He told himself nothing was going to happen.
He and Candace were going to share a glass of wine together, have a light meal…and that would be the end of it. He was capable of controlling his emotions…his desires. After all, he’d been doing it for years.
True to her word, Candace was back within fifteen minutes. To Nick’s everlasting regret, she’d donned a pair of navy sweats and a white T-shirt. No sign of the aqua one-piece swimsuit remained. Pity…
But very much safer.
“Good timing,” said Nick. Mrs. Busby had just left after placing a tray of sandwiches on the table.
“Jennie is exhausted.” Candace set the baby monitor on the table and sank into the chair opposite, then pulled a plate toward her.
“It’s the water. She should sleep well.”
“Until two o’clock.” Candace grimaced. “That’s the drill.”
“She wakes up every night?” He hadn’t known.
“Like clockwork.” Peeling back the protective food wrap that covered the platter of sandwiches, she said, “These look delicious.”
“Smoked chicken and avocado on this side. The others are Swiss cheese and salad.”
“Yum.” Candace helped herself. It didn’t take long for them to demolish the contents of the tray, eating in companionable silence. When the platter was empty, Candace raised her wineglass. “To Mrs. Busby. She’s a wonder.”
Leaning forward, Nick clinked his glass against hers. “I’ll drink to that.”
Tilting her head to one side, Candace studied him. “She tells me she’s worked for you for ten years.”
Had it already been a decade? Nick thought about it. He’d been married to Jilly for seven years, and Mrs. Busby had been with him for several years before Jilly had had this house designed, built and decorated. “It’s possible. I first employed her when I lived over on the North Shore. I owned a drafty old Victorian house with an enormous garden.”
Jilly had hated the house as much as he’d loved it. It had been the first casualty of their marriage.
“Mrs. Busby told me about it—she said it had been built by one of the pioneers of the city. She misses it.”
“I never knew that.”
“She told me about the gardens—about the ferns you planted behind the house. She said it was like a secret world—she thought that Jennie would’ve loved playing in there, that it was the kind of place where a child could imagine fairies and elves.”

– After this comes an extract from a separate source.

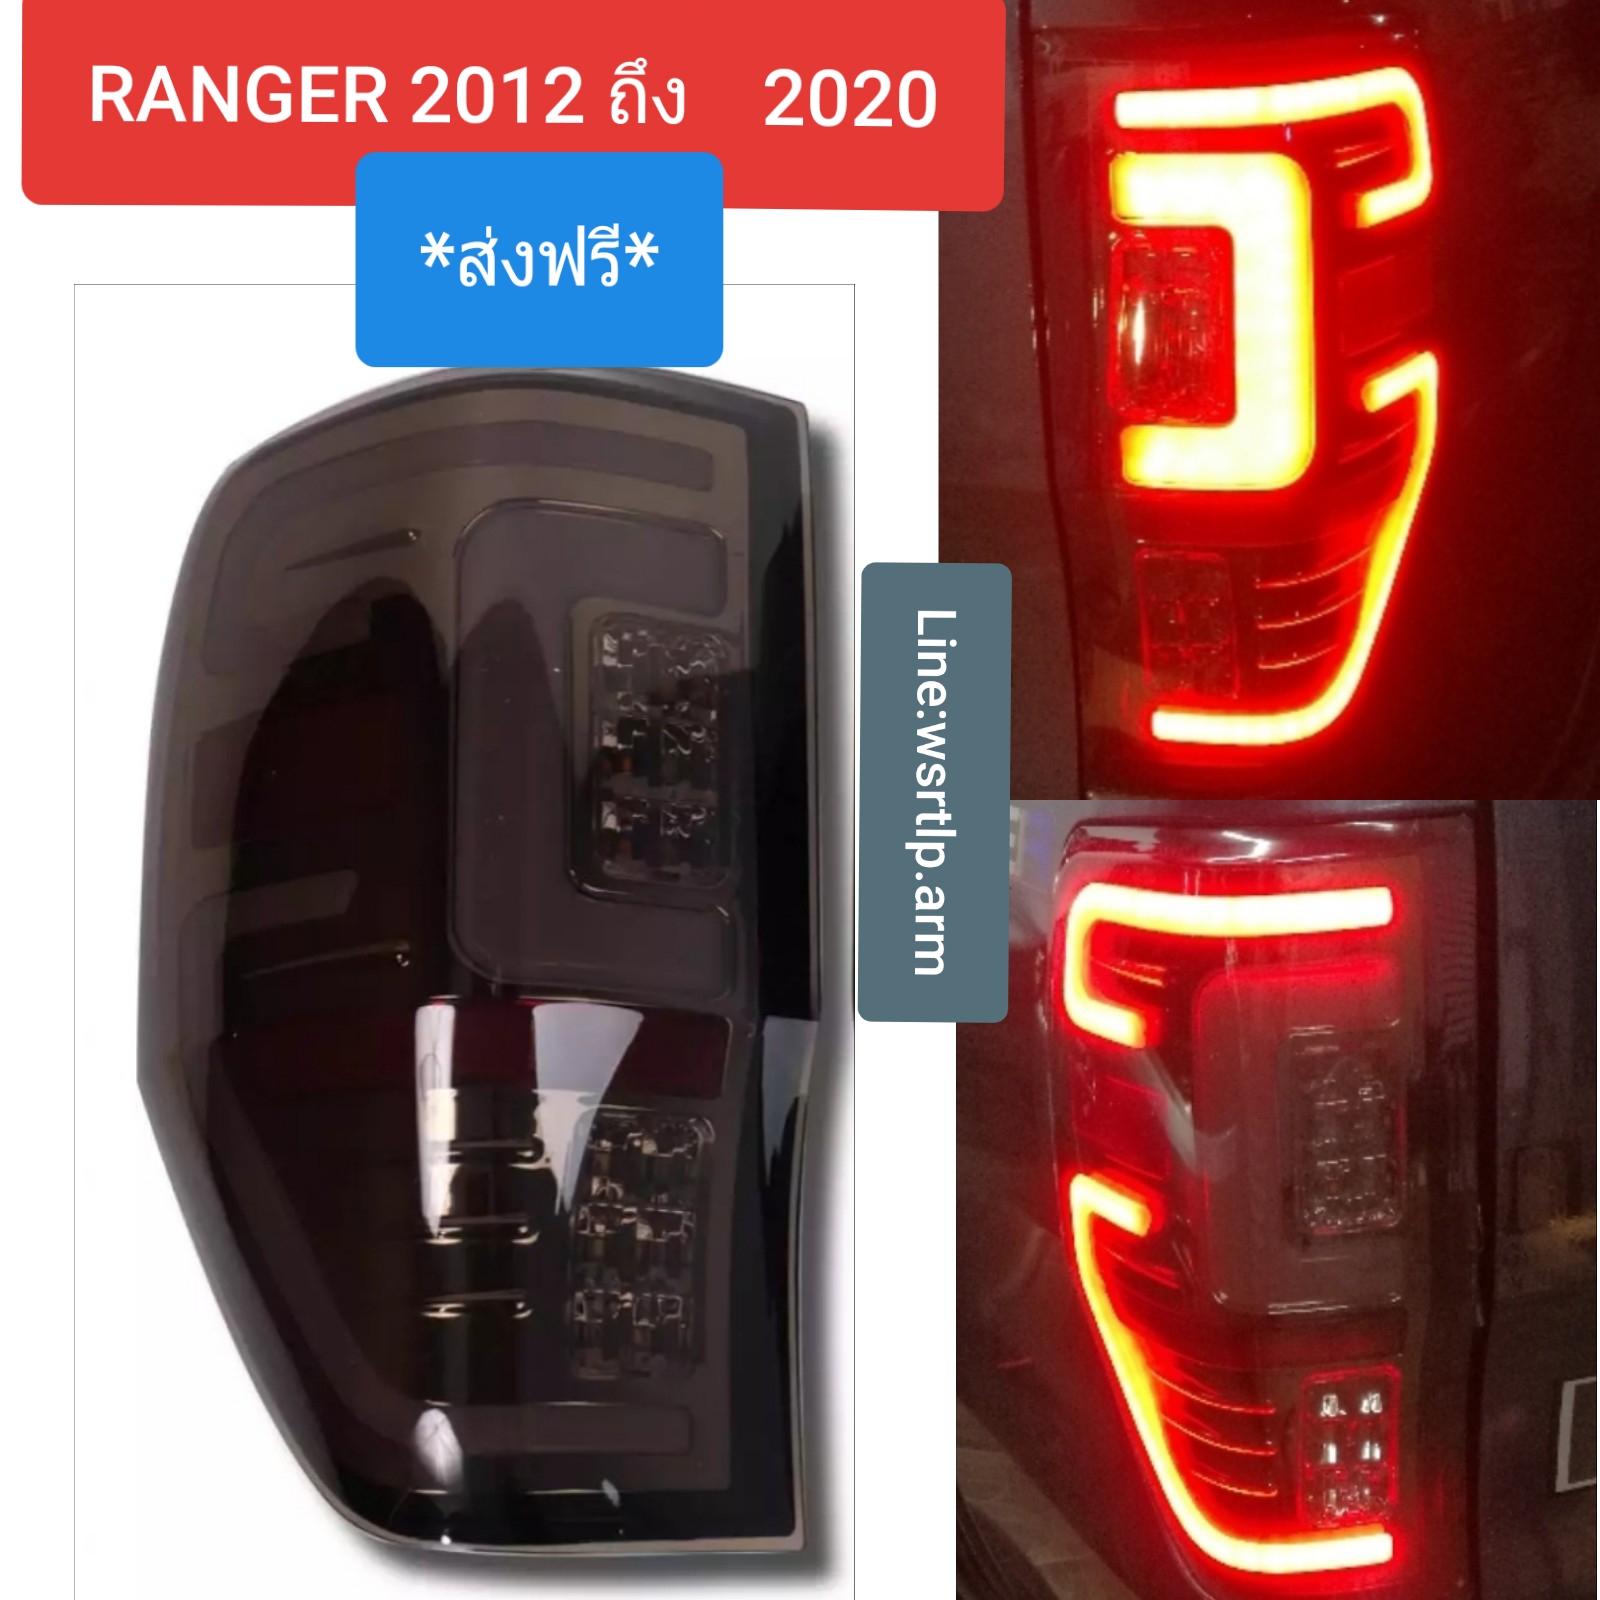 (ส่งฟรี!) ไฟท้ายแต่ง RANGER แรนเจอร์ 2012 ถึง 2020 โคมดำ LED พร้อมปลั๊กตรงรุ่นไม่ต้องตัดต่อสายไฟ ราคา 1คู่

“Goblins, too.” Nick couldn’t suppress the tide of nostalgia that the memory of the house brought.
“Don’t you miss it?”
Candace’s question brought him back to the present. He dismissed the momentary sense of loss, and his customary mantle of control dropped into place. He lived in the present, not the past. What happened now he could control. The past had already happened; nothing could change it.
“No.” To soften the brusque reply, he shrugged and said, “It was time to move on.”
Candace glanced up at the white structure behind them. “You moved on to something a lot more modern. This house is a completely different proposition.”
“It’s a good investment—it’s everything the market wants. Great architectural style. Location.” He gestured to the sea shimmering in the setting sun. “The value has more than doubled.”
There was no point saying it had been Jilly’s house, not his. It had never felt like home.
Candace brushed a strand of hair behind her ear. “You want me to believe that you sold the Victorian house to upgrade to something that needed less restoration and was a better monetary investment?”
He met her gaze levelly. “What other reason could there be?”
She made an impatient sound in her throat. “Mrs. Busby thought you lived here because Jilly loved it.”
After a pause, Nick said, “Sounds like Mrs. Busby and you had a real heart-to-heart chat.”
Leaning forward, Candace touched his arm. Lightning forked along his skin. “She wasn’t gossiping,” she said earnestly. “She’s very fond of you.”
“That surprised you?”
She looked startled by his question. Finally, she said, “Truthfully?”
“By all means be truthful.”
Nick braced himself, and hoped she wouldn’t be too truthful.
“Yes, it did surprise me. You come across as being very distant and remote. Not the kind of man who would be easy to work for. Yet she’s adamant that you’re the best employer she’s ever had—even though she seems to have found Jilly…” Candace hesitated “…trying sometimes. Not that she said it in so many words. It was more in what she didn’t say—and how much she raved about you.”